Key Words: Crohn’s disease, Johne’s disease, miR-21, Mycobacterium

Introduction

Intracellular microorganisms, including the intracellular bacteria, use various strategies to avoid the host hostile reaction and survive inside the cells. Autophagy, as a sophisticated mechanism that is controlled by many genes and molecules, is one of the main processes by which the cells react against the invading intracellular pathogens (Wileman, 2013).

Micro RNAs (miRNA) are small non-coding RNAs that regulate gene expression, mostly post-transcriptionally by inhibition of translation (Felekkis et al., 2010; Catalanotto et al., 2016). These small RNAs are involved in various biological processes and enable cells to optimize the expression of protein coding genes. Micro RNAs (miRNA) also target long non-coning RNAs (lncRNA) (Jeggari et al., 2012) and the important functions of lncRNAs in normal and pathological conditions are extensively emerging (Schmitz et al., 2016).

Micro RNA 21 (miR-21) has been identified as one of the main and negative controllers of autophagy (Seca et al., 2013; Liu et al., 2015). It has been shown that miR-21 targets several key genes, such as PTEN (He et al., 2015; Peralta-Zaragoza et al., 2016), RAB11a (Liu et al., 2015), Bcl-2 (Wu et al., 2012; Wang et al., 2014; Sims et al., 2017), all involved in the progression of an autophagic reaction. In line with this, several research works have shown that upregulation of miR-21 in macrophage cells results in suppression of autophagy so that the process of clearing the invading agent fails (Wang et al., 2014). In fact, it is now experimentally proven that many bacteria, such as Mycobacteriums (Liu et al., 2012; Wu et al., 2012; Zheng et al., 2015; Das et al., 2016) Salmonella (Schulte et al., 2011) and Helicobacter (Zhang et al., 2008) use this specific strategy and somehow induce the miR-21 expression in the infected macrophages.
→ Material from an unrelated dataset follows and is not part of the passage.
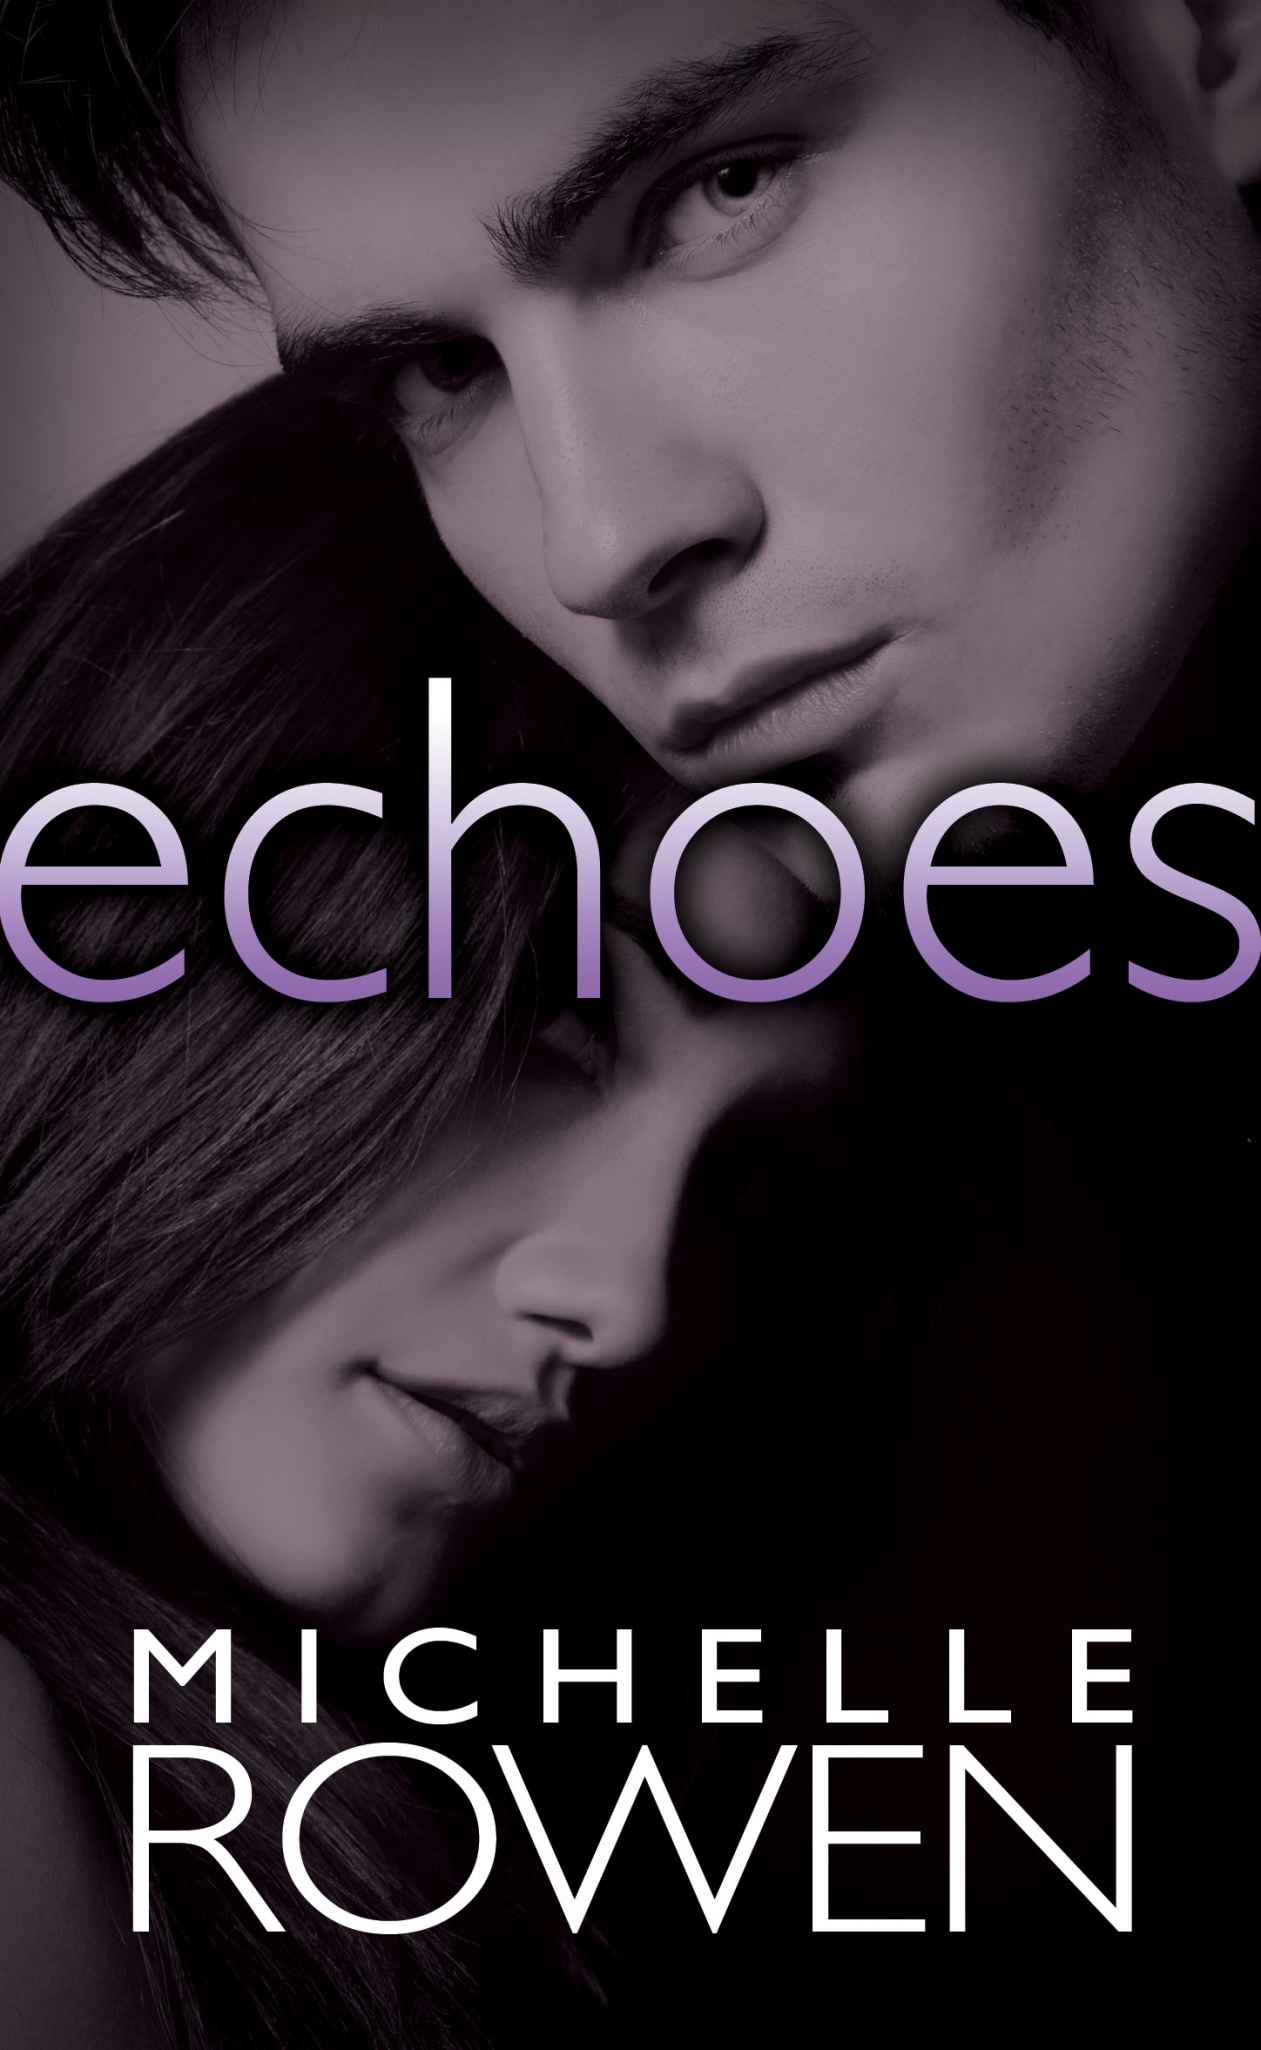 Echoes by Michelle Rowen

Gene expression, including miRNA expression, is controlled at various levels inside the eukaryote cells (Davis and Hata, 2009; Barrett et al., 2012; Bronevetsky and Ansel, 2013) and the epigenetic status of genome is an important determinate in this regard (Liu et al., 2013; Sandoval et al., 2015). Many intracellular pathogens, indeed, affect the normal epigenetic signature of their host to subvert the host killing power (Huang et al., 2012; Marr et al., 2014; Pacis et al., 2015). DNA methylation is one of the epigenetic mechanisms by which cells specifically regulate the expressional behaviour of their genes (Moore et al., 2013). Until recently, it was believed that only cytosine methylation at CpG islands located at the promoter regions of genes are important in gene expression regulation (Bird, 1980). However, there are now indications that cytosines at CpG downstream of transcription start sites (TSS) may be involved in transcription regulation as well (Krinner et al., 2014). Furthermore, Sharma et al. (2015) recently conducted a global methylation analysis on THP-1 macrophages infected with Mycobacterium tuberculosis and showed that this bacterium regulates methylation of cytosines mostly at non-CpG sites that were preferably situated around transcription start sites and in gene bodies; therefore, evidence on the importance of non-CpG methylation is emerging (Patil et al., 2014; Sharma et al., 2015).

Pathogenic mycobacteria, as the cause of several human and animal intractable diseases, are intracellularly residing bacteria (Cosma et al., 2003). These pathogens manage to induce significant debilitating changes in the autophagy processes; a strategy that enables them to survive and propagate for long periods inside the infected host macrophages (Kuehnel et al., 2001; Kathania et al., 2011; Hmama et al., 2015; Weiss and Schaible, 2015). Mycobacterium avium subspecies paratuberculosis (MAP) is an animal pathogen that causes substantial economic losses in livestock worldwide (Lombard., 2011). Though Mycobacterium avium subspecies paratuberculosis has not yet been identified as a direct human pathogen, but this bacterium has reproducibly been isolated from lesions and peripheral blood mononuclear cells in people affected with Crohn’s disease (CD) (Naser et al., 2014; McNees et al., 2015). Since this bacterium survive the usual pasteurization treatments applied to milk (Lund et al., 2002; Paolicchi et al., 2012), scientists believe in a causal link between the milk from the infected animals and the development and/or progression of the CD (Pierce., 2010; Paolicchi et al., 2012; Naser et al., 2014; McNees et al., 2015).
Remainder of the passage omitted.